A woman's uterine muscles, rather than her abdominal muscles, are first to sense fetal motion. Therefore, her body weight usually does not have a substantial effect on when movements are initially perceived. Women who have previously given birth have more relaxed uterine muscles which are more sensitive to fetal motion during subsequent pregnancies. For them fetal motion can sometimes be felt as early as 14 weeks.

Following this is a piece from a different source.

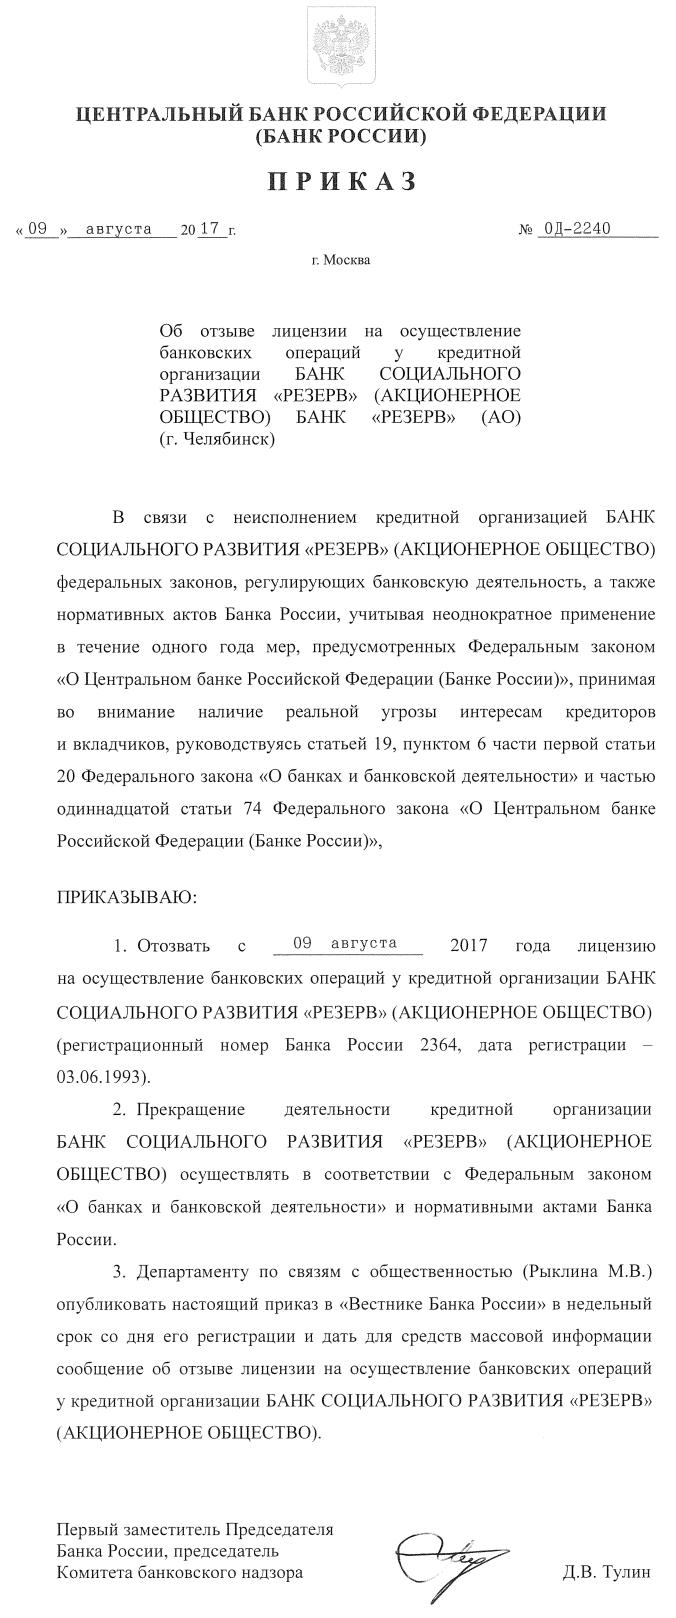 Банк Резерв Отозвали Лицензию

Quickening indicates the start of fetal movements, usually felt 14–26 weeks after conception, or between the fourth and sixth month. A woman pregnant for the first time (i.e., a primigravida woman) typically feels fetal movements at about 20–21 weeks, whereas a woman who has given birth at least once will typically feel movements around 18 weeks.

== Common law ==
The study of the early history of common law in the context of the abortion debate presents some challenges. Over the years dedicated scholars have uncovered case law that supports the argument that abortion was considered murder, in at least some cases, even before quickening. However, due to the greater impact of local customs and contested jurisdictions in earlier stages of legal history, the customary origins of the common law are murky, and scholars can point to other cases where abortion was not considered such a serious matter.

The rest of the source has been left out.